Friday, March 09, 2012

Benedicte Gravrand, Opalesque Geneva – The U.S. Commodity Futures Trading Commission (CFTC) yesterday charged subsidiaries of BlackRock and JP Morgan for executing unlawful pre-arranged trades.

BlackRock Institutional Trust Company NA, a San Francisco-based investment manager owned by BlackRock Inc., a global investment firm with $3.5tln in assets, was charged "for engaging in prearranged trades that were non-competitively executed and fictitious sales in ten year U.S. Treasury Note Futures spreads on the Chicago Board of Trade (CBOT)," the CFTC said.

BlackRock will have to pay a $250,000 civil monetary penalty, after it was found that one of its employees, back in 2010 and on two occasions, traded so that BlackRock ended being on both sides of a ten year spread transaction.
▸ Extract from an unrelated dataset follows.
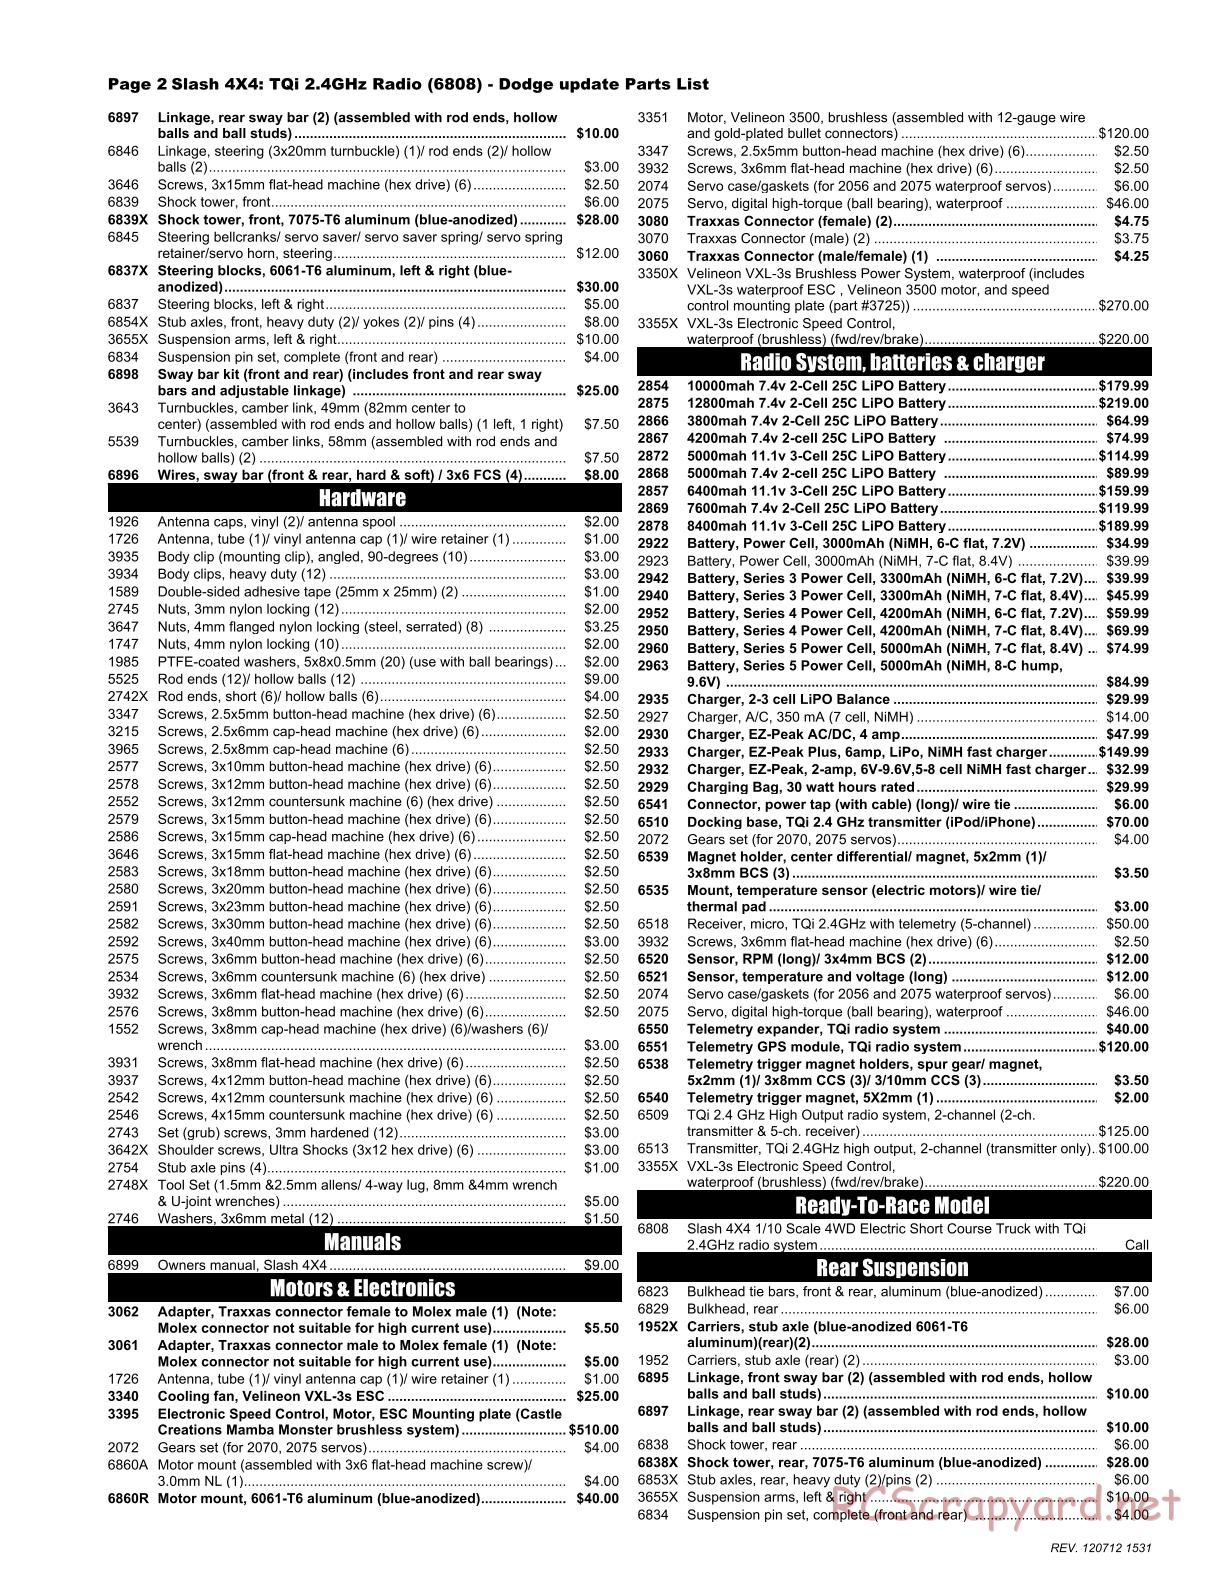 Traxxas - Slash 4x4 - Parts List - Page 2

He executed his trades with the aim of crossing orders in ten year spreads by entering buy and sell orders with two different futures commission merchants (FCM) at around the same time. Both orders were for the same amount, one of which being "all or none." On one of the occasions, the same employee also took on pre-execution communications with someone at the FCM, so that the FCM would sell to the paired bid from BlackRock.

New York-based futures commission merchant J.P. Morgan Securities LLC, a subsidiary of JPMorgan Chase & ......................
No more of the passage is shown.